This guards against a well known phenomena that causes us to focus a bit harder the second time we hear something, with the swap back to the A cable, we have a chance to reaffirm what we thought we heard as we swapped from A to B.
Again, for listening to components other than cables, use of an appropriate selector switch may be a valid way to go, as long as the different inputs are not electrically dissimilar or have a different gain.

Cymbals are not the only thing to latch onto, general percussion, a bass riff, a particular vocal, all of these will allow you to check and hone in on a particular portion of the audio spectrum, and a particular aspect of the test component. The main thing is to try and focus in on JUST that one aspect at a time, each time only on that aspect, as you swap back and forth. With a little practice and concentration, it should be possible for you to develop the ability to hear and focus in on just the cymbals or bass or vocals ONLY, and clearly enough to make some judgements about what might have changed, if anything.

If you do not hear any differences that you feel are definitive, then it may be that you are just not used to hearing any extra information that may be present. Cables are passive devices, all they can do is lose information or signals, or distort the signals. A better cable is one that is passing along the audio signal
with a minimum of losses or alterations. Other components can also be problematic if you are not used to their level of performance.

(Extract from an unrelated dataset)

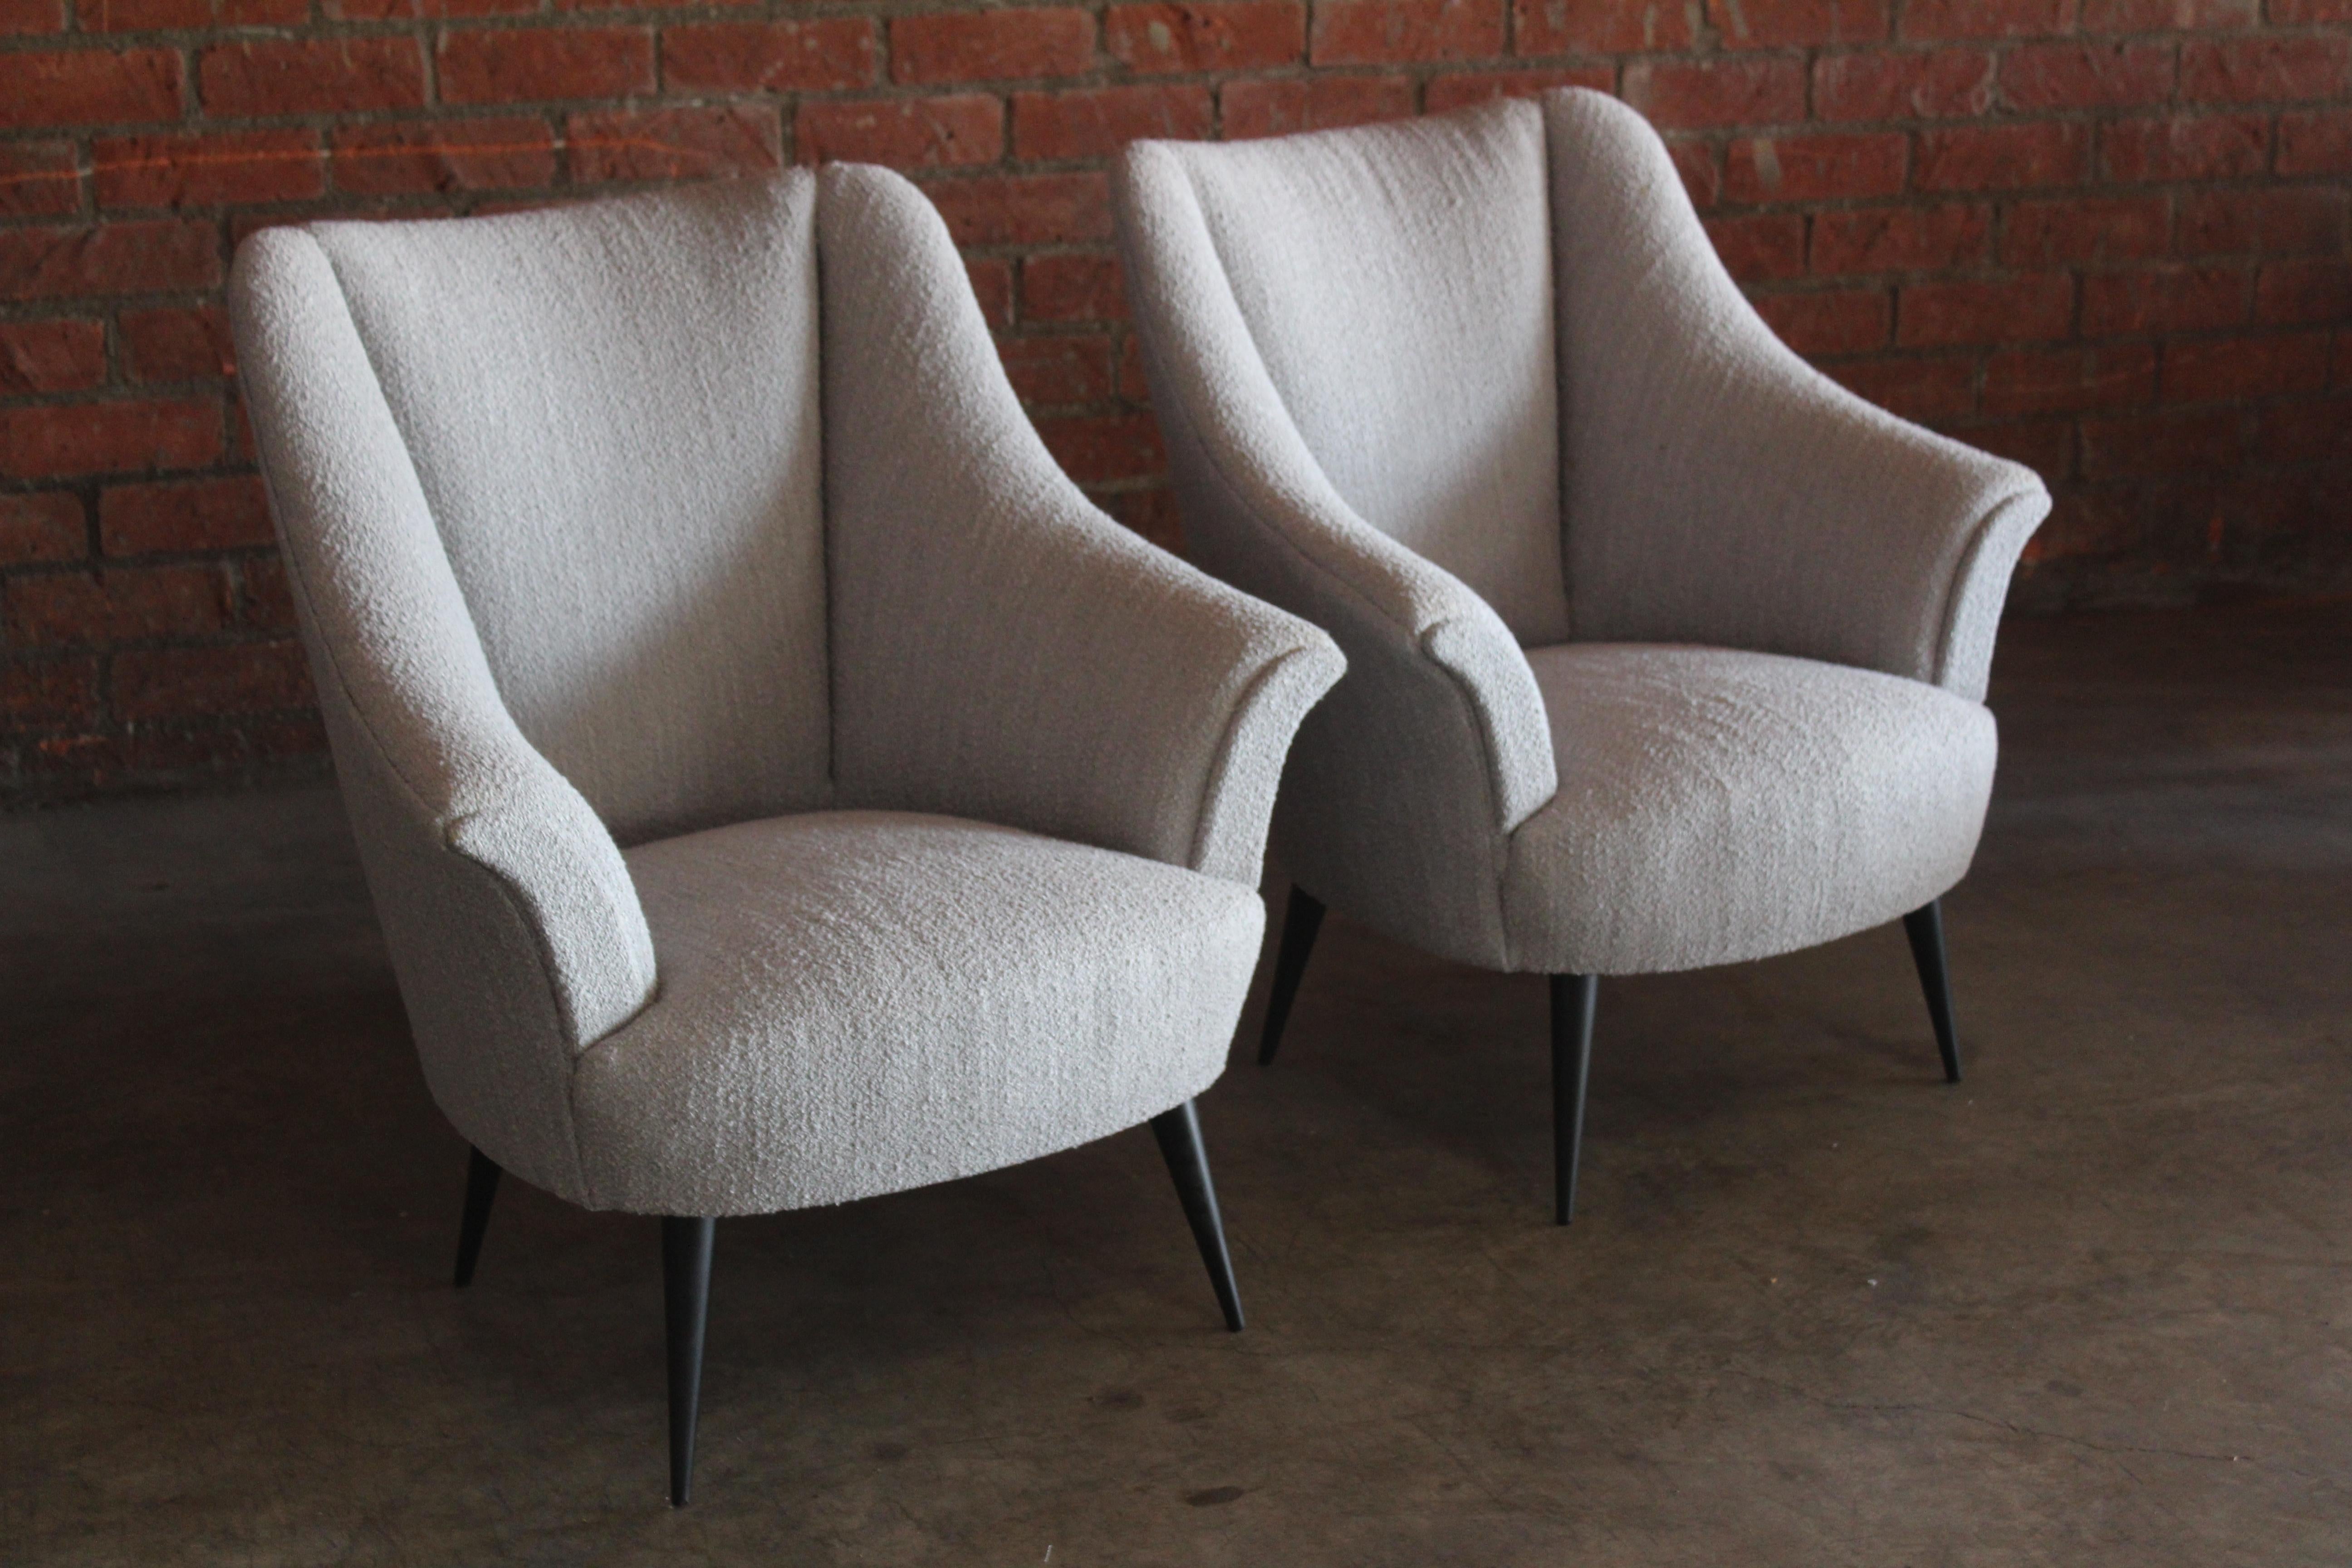 Pair of 1950s Italian armchairs completely restored and reupholstered in a light grey performance bouclé. The walnut legs have been refinished satin black. Overall the pair are in excellent condition. Sold as a pair.

Lets think about what a cable could be modeled as. All cables have a built-in signal filter in them, and let us suppose that they have a grundge and frazzle generator built-in too. The better cables have this built-in filter set wider open in it's response to the signal, and has a lower amount of grundge and frazzle generator added. If you are used to hearing the cable with the filter that is real tight and with a smaller bandwidth, and has a certain level of grundge and frazzle, you may not appreciate a cable with a more wide open sound, or with less grundge and frazzle, because you are not used to hearing your songs this way. The other sounds you are used to hearing are still present, ad demanding your attention, so unless the previously unnoticed sounds are high enough in level to notice right away, or the grundge level has dropped enough to be immediately obvious, you may not be aware of the changes at first.
Similar concepts can apply to other audio components, they have bandwidth limitations, as well as added distortions and coloration’s.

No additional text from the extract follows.